La incertidumbre post-coronavirus no es el problema. El problema es no aceptar que la vida está hecha de incertidumbre.
Hace justo un año encendía mi portátil cargada de alegría e ignorancia para escribir sobre cómo entrar en el 2020 de la mejor forma posible. Ilusa de mí.
La crisis del coronavirus (ya hemos escuchado esto mil veces pero la verdad no está hecha para ser bonita) ha puesto al descubierto todas nuestras carencias como sociedad, y al mismo tiempo nos ha recordado dónde hay que poner el foco. Las encuestas dicen que hemos empezado a valorar los «pequeños momentos». Los pequeños momentos no son en realidad pequeños. De hecho, no hay nada más bestial y enorme que ellos. Son lo único que nos llevaremos a la tumba. Nuestros título, nuestro dinero y nuestras 8 horas de trabajo al día… lo siento, pero nadie va a recordar eso con alegría en el corazón. Si es todo lo que haces con tu vida, estás a tiempo de cambiar.
Entre nuestras carencias está por supuesto, reconocer que haber estado en cuarentena y aún así, haber tenido una red de apoyo social y económico para seguir subsistiendo ha sido un enorme privilegio del que no todas las personas han podido disfrutar. Madonna nos decía desde su bañera llena de flores o algo así, que el coronavirus era el gran ecualizador. No, no lo es. Nuestras diferencias sociales siguen y seguirán siendo igual de feroces y desgarradoras.
Nos quejamos por no poder salir a la calle pero hay personas que no podían permitírselo porque su economía dependía, y sigue dependiendo, del dinero que reúnen día a día. Que alguien me explique cómo se puede sobrevivir sin haber podido salir a vender nada durante dos meses. Es imposible, así que reconozcamos de una vez, que hemos tenido un privilegio inmenso.

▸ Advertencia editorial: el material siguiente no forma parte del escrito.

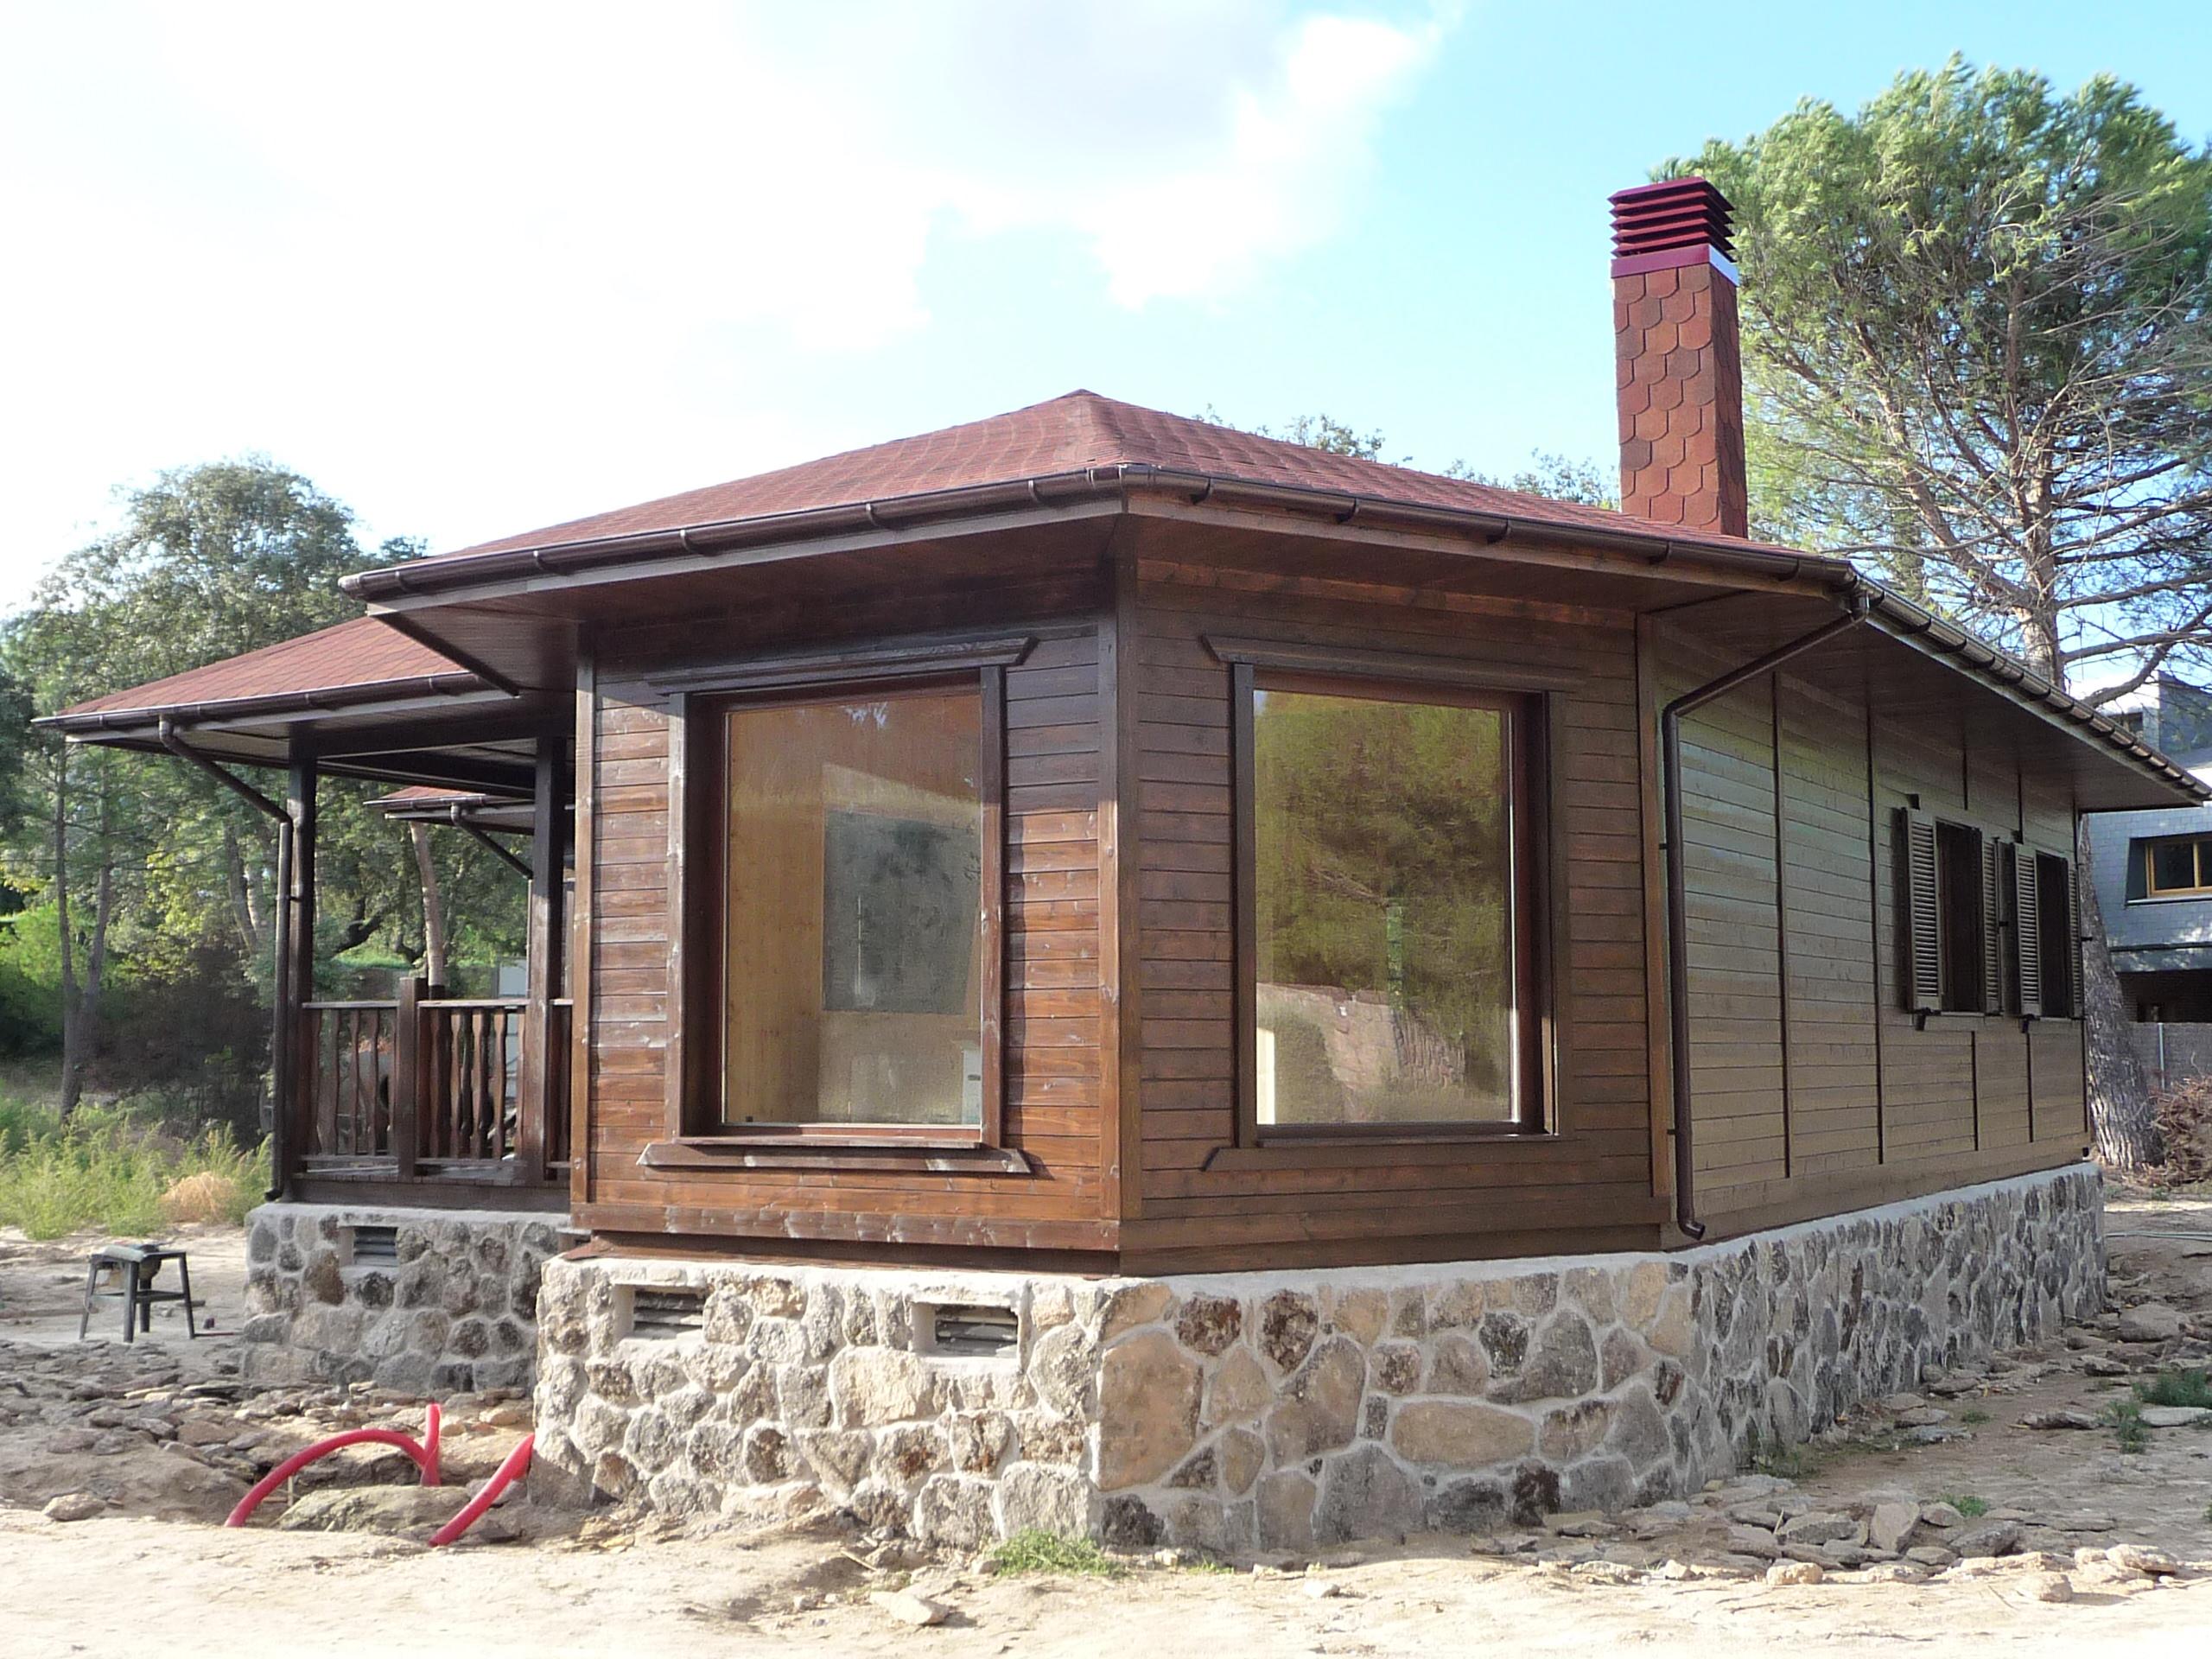 Casa de madera comprar casas de madera - Casa de madera precios ...

Por otra parte hemos aprendido que la sociedad no está hecha sólo de la masa trabajadora y sus problemas. Hemos recordado que las personas mayores existen, y sobre todo, que las queremos. Que nuestras abuelas y abuelos están en casa temblando de miedo y que no merecen que salgamos a la calle sin mascarilla a hacer tonterías.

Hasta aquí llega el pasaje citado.